Sayangnya kedua kelompok yang saat itu berbeda pendapat yaitu kelompok nasionalis dan kelompok agama punya tafsir masing-masing atas kesepakatan itu. Jadi lah persoalan tentang pola relasi agama dengan negara tidak pernah berakhir hingga saat ini.  Bagi kelompok agama (dalam hal ini Islam), negara didirikan tidak lain tidak bukan untuk melaksanakan perintah Tuhan di muka bumi. Cara pandang yang diyakini bersumber dari Alquran dan Hadits sesungguhnya menemukan titik taut pada teori Kedualatan Tuhan yang juga dikenal dalam hukum literatur ilmu negara yang dipelajari di Barat. 
 
Di sisi lain, kelompok nasionalis berpendapat bahwa hukum negara dibuat dan dibentuk berdasarkan kesepakatan warga negara dengan para pemimpin (factum unionis atau factum subjektionis) yang bertitik taut dengan teori kedaulatan rakyat atau teori kontrak sosial. Dalam khasanah filsafat hukum, teori kedaulatan rakyat atau teori kontrak sosial akan menghasilkan pemikiran teori positivisme hukum yang mendalilkan bahwa hukum adalah sesuatu yang senagaj dibentuk oleh negara melaluli lembaga-lembaga pembuat undang-undang.
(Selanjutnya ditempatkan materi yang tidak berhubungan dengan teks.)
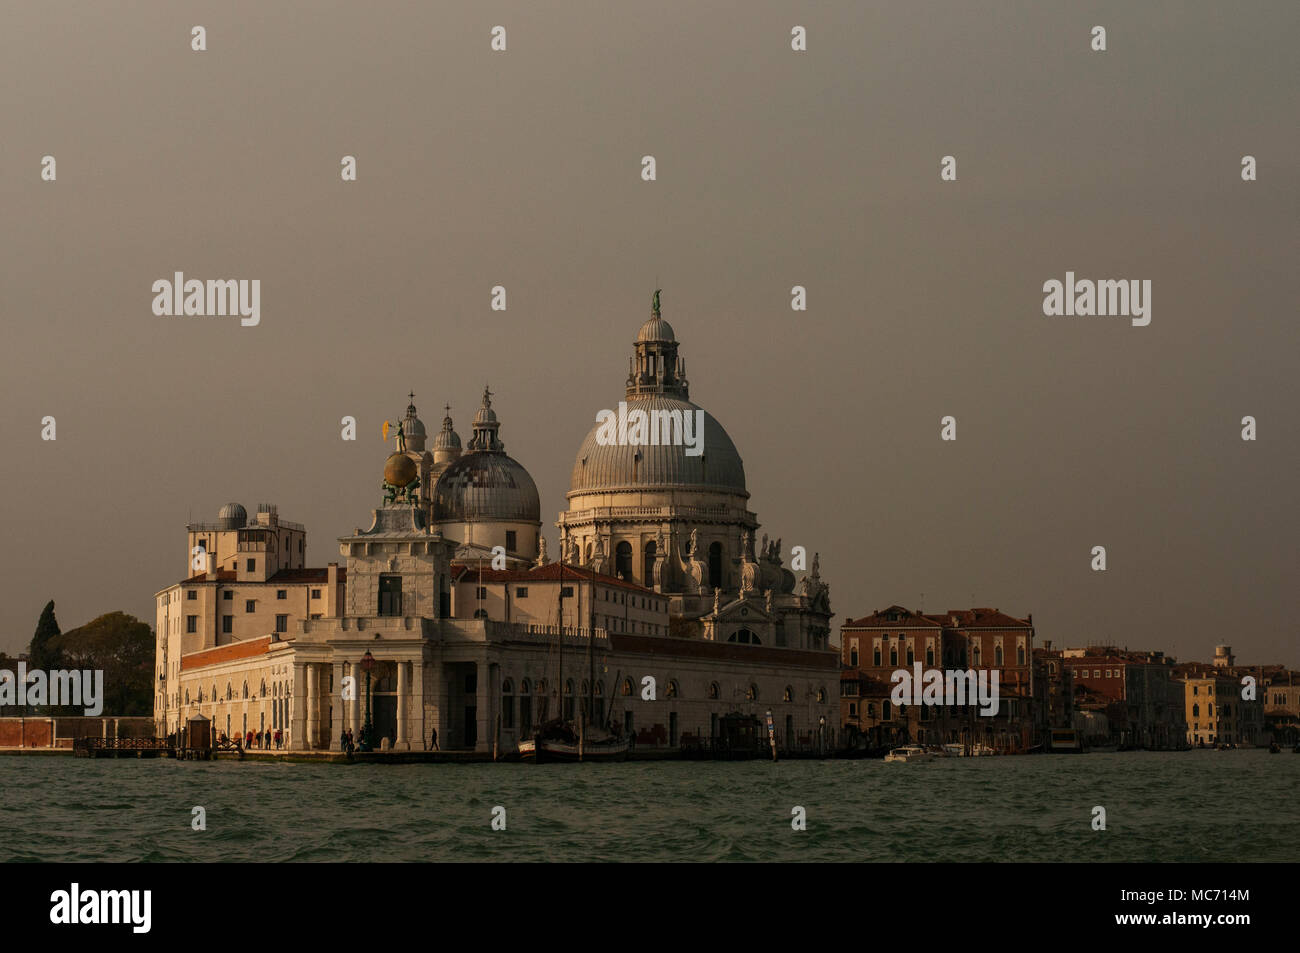 The Basilica Santa Maria della Salute, Grand Canal, Venice, Italy Stock Photo

Sedangkan teori kedaulatan Tuhan akan menghasilkan teori hukum alam yang mendalilkan bahwa hukum Tuhan adalah hukum yang harus dilaksanakan oleh negara tanpa mengabaikan adanya juga hukum yang perlu dibuat oleh negara. Adapun kelompok yang ketiga yang mendalilkan bahwa hukum tidak perlu dibuat namun menyerahkan kepada nilai-nilai yang hidup di tengah sesuatu masyarakat (ubi ius ubi societas).

Nilai dan Kaedah
Seandainyapun kita mengabaikan adanya hukum alam dan hukum sosial, dalam ilmu tentang kaedah penyusunan perundang-undangan, tetap lah nilai-nilai moral menjadi dasar pijak penyusunan kaedah hukum positif. Kaedah yang disusun oleh lembaga pembuat undang-undang harus lah berjiwakan nilai moral yang jika tidak berlandaskan moral, maka kaedah hukum tersebut adalah kaedah hukum yang kosong, hampa tanpa ruh moralitas di dalamnya. Perdebatan dalam ranah politik hukum adalah nilai moral manakah yang patut dijadikan landasan pembentukan kaedah hukum mengingat demikian banyaknya nilai-nilai yang dianut dan diyakini sebagai nilai-nilai kebenaran oleh masyarakat. Sesungguhnya di situ lah perdebatan itu perlu terjadi dengan sesengit-sengitnya dengan catatan jika palu sudah diketuk, maka seharusnya lah tidak ada lagi perdebatan. 
 
Terkait hak-hak kaum LGBT, perdebatan tersebut sesungguhnya sudah selesai. Di dalam Undang Undang Perkawinan, yang boleh menikah adalah seorang pria dengan seorang wanita. Tidak ada tafsir lain atas subjek hukum bernama pria dan wanita itu. Perkawinan sesama jenis sudah tentu perbuatan melawan hukum. Jika dikaitkan dengan HAM, tidak satupun pasal tentang HAM baik dalam Undang Undang HAM maupun dalam konstitusi yang membolehkan pernikahan  sesama jenis. Jika saat ini ada keberatan, maka silakan saja menempuh upaya-upaya legal seperti mengajukan permohonan judicial review ke Mahkamah Konstitusi atau mengajukan legislatife review untuk merevisi undang-undang terkait. Maka biarlah wakil-wakil rakyat yang berwenang berdebat dan menentukan nilai mana kah yang cocok dan sesuai sebagai landasan moral bagi kaedah hukum Indonesia.
 
Konsep HAM yang dianut oleh bangsa Indonesia adalah bahwa dalam hal-hal tertentu terdapat HAM yang memang dapat dibatasi (HAM relatif). HAM yang absolut yaitu hak yang tidak boleh dikurangi dan dilanggar siapa saja sesuai prinsip nonderogable human rights. Hak-hak itu antara lain hak untuk hidup, hak untuk tidak disiksa, hak atas kebebasan pribadi, hak atas pikiran dan nurani, kebebasan beragama, hak untuk tidak diperbudak dan hak atas kesamaan hukum serta hak untuk tidak dituntut atas hukum yang berlaku surut.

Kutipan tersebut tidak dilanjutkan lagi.